Noradrenaline and acetylcholine shape functional connectivity organization of NREM substages: An empirical and simulation study

Sleep onset is characterized by a departure from arousal, and can be separated into well-differentiated stages: NREM (which encompasses three substages: N1, N2 and N3) and REM (Rapid Eye Movement). Awake brain dynamics are maintained by various wake-promoting mechanisms, particularly the neuromodulators Acetylcholine (ACh) and Noradrenaline (NA), whose levels naturally decrease during the transition to sleep. The combined influence of these neurotransmitters on brain connectivity during sleep remains unclear, as previous models have examined them mostly in isolation or only in deep sleep. In this study, we analyze fMRI data obtained from healthy individuals and employ a whole-brain model to investigate how changes in brain neurochemistry during NREM sleep, specifically involving ACh and NA, affect the Functional Connectivity (FC) of the brain.
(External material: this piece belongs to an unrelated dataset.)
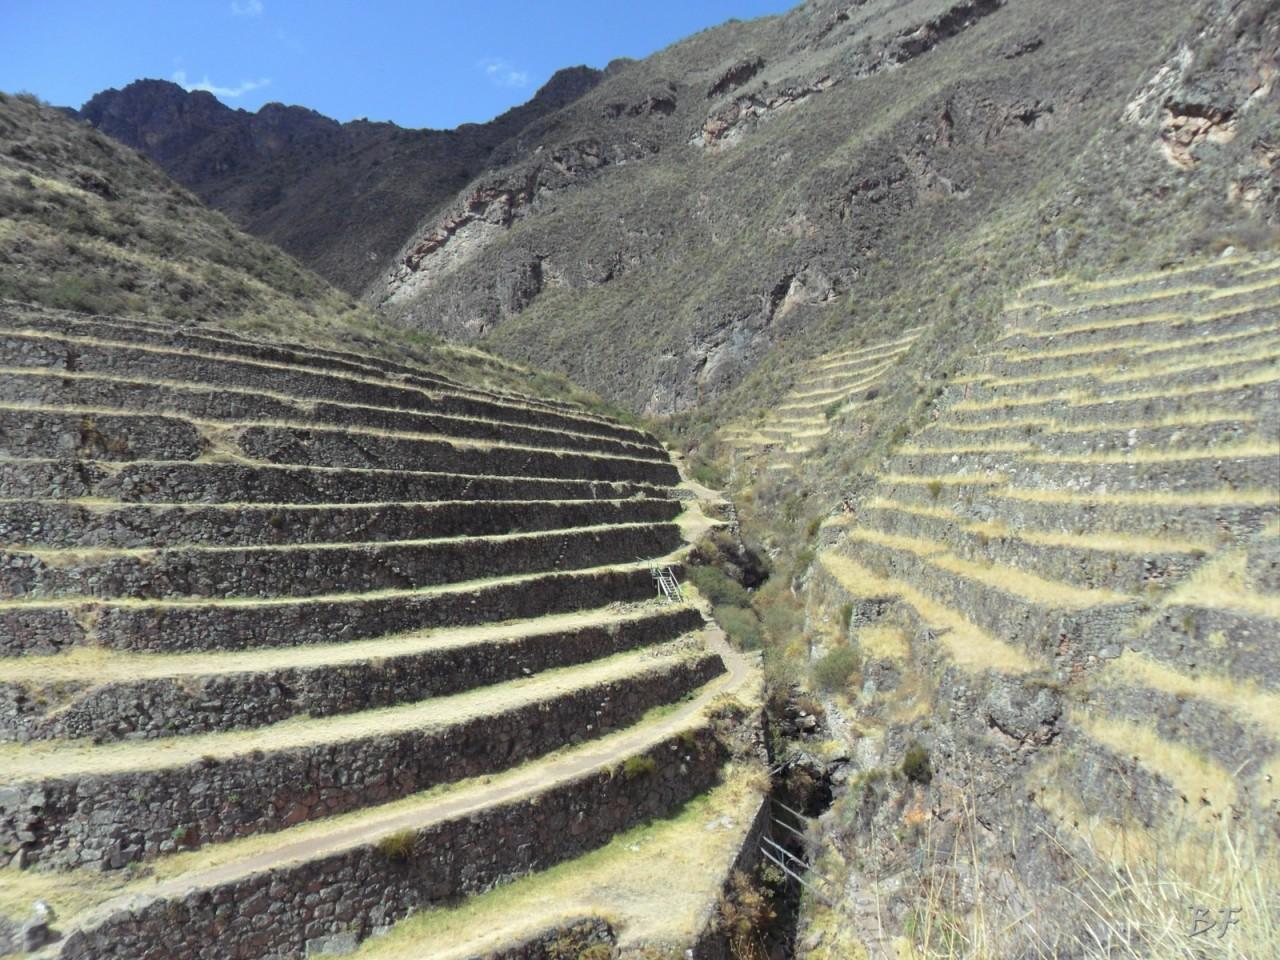 Mura-Poligonali-Megaliti-Altari-Rupestri-Pisac-Cusco-Perù-88

FC analysis reveals distinct connectivity changes: a decrease in Locus Coeruleus (LC) connectivity with the cortex during N2 and N3, and a decrease in Basal Forebrain (BF) connectivity with the cortex during N3. Additionally, compared to Wakefulness (W), there is a transition to a more integrated state in N1 and a more segregated state in N3. Using a Wilson-Cowan whole-brain model, informed by an empirical con-nectome and a heterogeneous receptivity map of neuromodulators, we explored possible mechanisms underlying these dynamics. We fit the model adjusting the coupling and input-output slope of the whole-brain model to account for ACh and NA, respectively, and show that region-specific neurotransmitter effect is key to explain their effects on FC. This work enhances our understanding of neurotransmitters' roles in modulating sleep stages and their significant contribution to brain state transitions between different states of consciousness, both in health and disease.